This past Thursday and Saturday I conducted a webinar series attended by investors throughout the United States and Canada. I am humbled by the response and supportive emails that you sent during and after the presentations. Thank you. Investors had the opportunity to send questions during the course of the webinars and I felt that a few of them would benefit all readers of The Blue Collar Investor Blog:
1- Q- In this current economic environment, how are you handling your covered call strategy?
A- Because of the unpredictable volatility of the market along with the lack of its orderly behavior, I have stopped selling options but continue to be fully invested in the market. My reasoning for maintaining my equity positions is twofold. First, in order to make up for recent losses, I feel that I need to be in an investment asset class that has the potential to do so. That rules out treasuries, CDs, money markets, and the like. Historically, the market returns 11% per year and time and time again has proven to be resilient. Think back to the “crash” of 1987 and how the market recovered from that episode. Second, I refuse to believe that the market capitalization of the S&P 500 is now truly worth 40% less than it was just a few months ago. Since all this selling has left a HUGE amount of cash on the sidelines, I feel that it is just a matter of time before all that liquidity sets a fire on the stock market.That being said, I should point out that things are so unusual and so few experts and investors have experienced this type of economic and psycholgical environment, that nobody really knows for sure how to proceed. That goes for Paulson, Bernanke, Buffet, Cramer, me and anyone else you name. All we can do is take the path of common sense and adjust our decisions from there.
2- Q- Which online-discount broker should I use?
A- There are many good ones out there. I can personally attest to USAA Brokerage Services. As an officer in the military, I had access to all of USAA services, including the brokerage company. The commissions are extremely low ($5.95 per trade up to 1000 shares) and they provide reliable service. I suggest you do your own due diligence regarding the other companies taking into consideration reliable transactions,phone assistance, if needed, and most importantly, low commissions. Here is the contact information for USAA (non-military are now allowed to participate):
3- Q- IBD suggests an 8% stop loss as a guide to selling a stock. What are your criteria?
A- There is nothing wrong with setting a stop loss if you are long a stock. For me, 8% is a reasonable percentage in a normal market. In today’s volatile market, an 8% stop loss would result in a significant turnover in your portfolio several times a week. In a covered call position, you must first buy back the option to “free up” the stock for sale. You can enter a “limit order” to buy back the option at 10-15% of the original option sale. This, however, is not how I handle my stock/option positions. I will consider option buy-back when the option premium drops to 20-25 cents or 10% of the original option premium for the first 2-3 weeks of the contract preiod. I will buy back an option during the last week of the contract period only if I want to sell the underlying equity. I make my buy/sell decisions of the stock itself via technical analysis using moving averages (EMAs), MACD, Stochastics, and volume.Chapter 8 in my book, Cashing in on Covered Calls, goes into great depth explaining this process. Those of you on my mailing list who would like a set of guidelines regarding these technical indicators, email me at email@example.com and I’ll be happy to send it to you for free. Use this as a general guide only, as technical analysis is more an art than a science.

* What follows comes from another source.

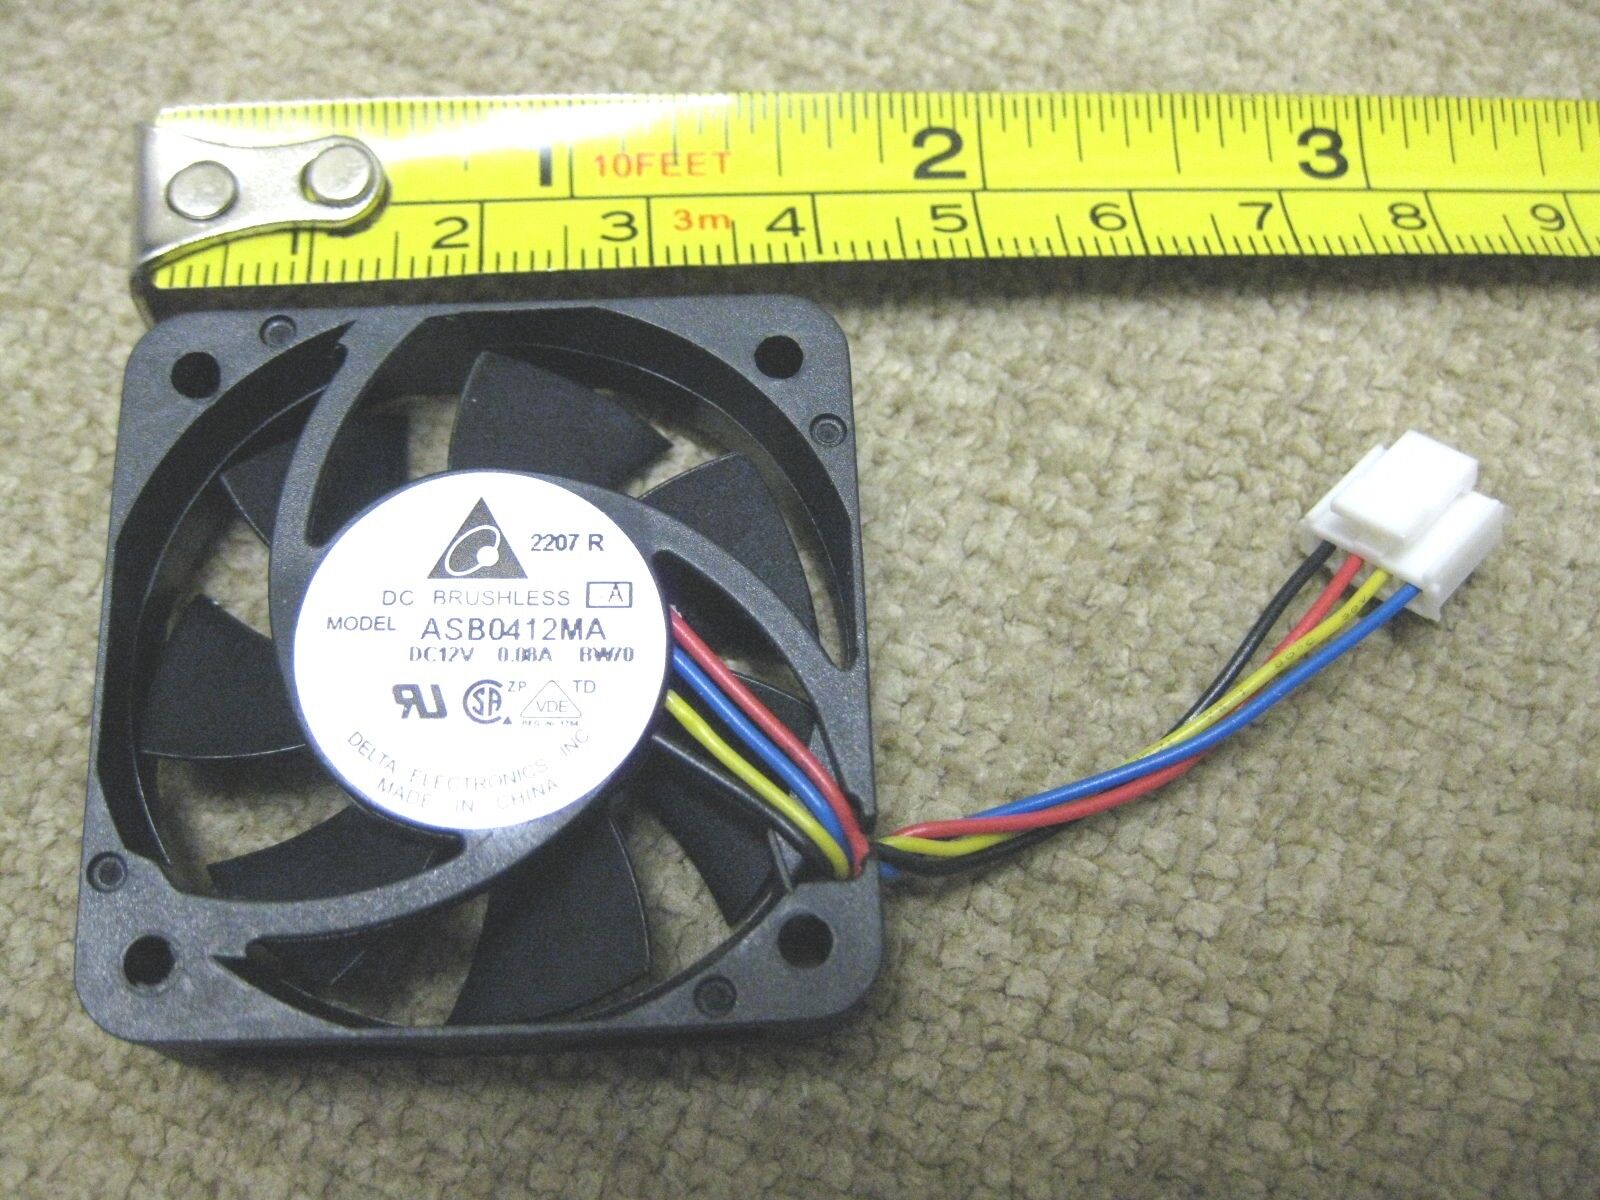 DELTA DC BRUSHLESS COOLING FAN ASB0412MA DC 12V 0.08A 4 Wires - US Ship

4- Q- Why do you use 20 and 100 day exponential moving averages in your technical analysis rather than the 50 and 200 that most others use?
A- I use the 20-d ema because we are selling 1-month options and there are approximately 20 trading days in month. I utilize the 100-d ema because my portfolio turns over 20-80% per month so these shorter term EMAs will serve as quicker indicators for our purposes. If I were a long term investor in stocks, without the options aspect, or sold longer term options, I too, would use the 50/200 indicators. Once again, I am using the path of common sense.

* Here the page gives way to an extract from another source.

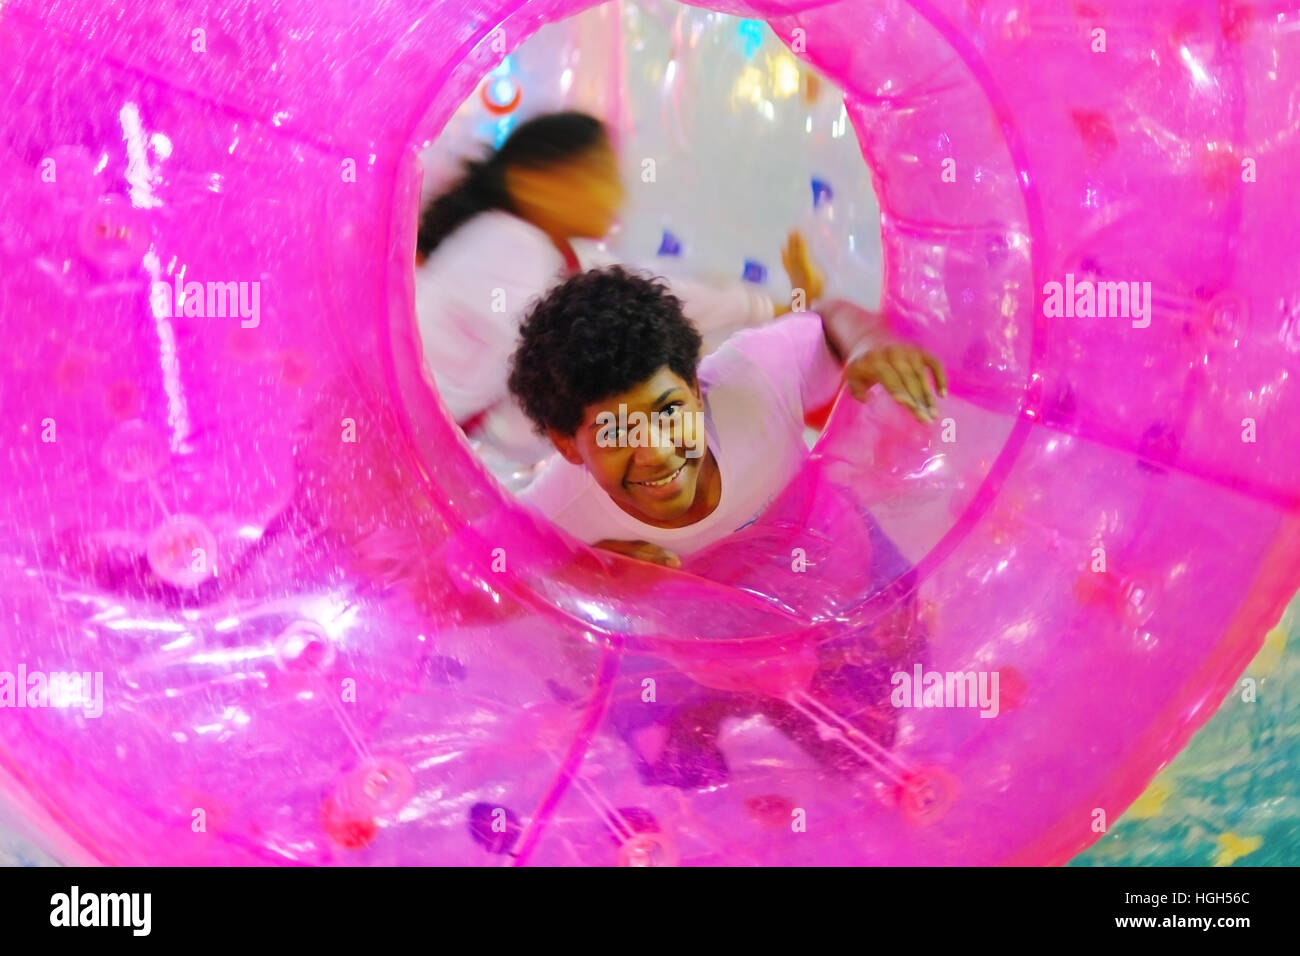 Two little boys have fun and laugh in a Water Ball colored Stock Photo

5- Q- How do we know when the market is settled enough so we can start cashing in on covered calls again?
A- I am looking for an upturn in the housing and financial sectors as well as a loosening of credit requirements. Once this occurs, there is a strong likelihood that the institutional investors will start re-investing all that cash that is currently on the sidelines. One technical indicator I check is the VIX which is the Volatility Index that tracks the S&P 500. It is a measurement of market risk and is often referred to as the “investor fear gauge”. Values greater than 30 is indicative of investor fear and uncertainty while values under 20 infer calmer, less stressful times in the market. Needless to say, the current chart below is above 30 and approaching the planet Pluto! Use the ticker symbol $VIX to pull up the chart:
Last Weeks Economic News:
Volatile stock Indexes reflected the continuing investor fear of a global recession. A few small positives were a slight rise in the Conference Board’s index of economic indicators, which measures the economy’s health. This was due to an increase in the money supply and consumer expectations. Also, existing-home sales rose 5.5% beating analysts’ expectations. For the week, the S&P 500 Index fell 6.8% for a year-to-date return of -39.2%.
Thanks to all who participated in the webinar series. I truly enjoyed spending the time with you.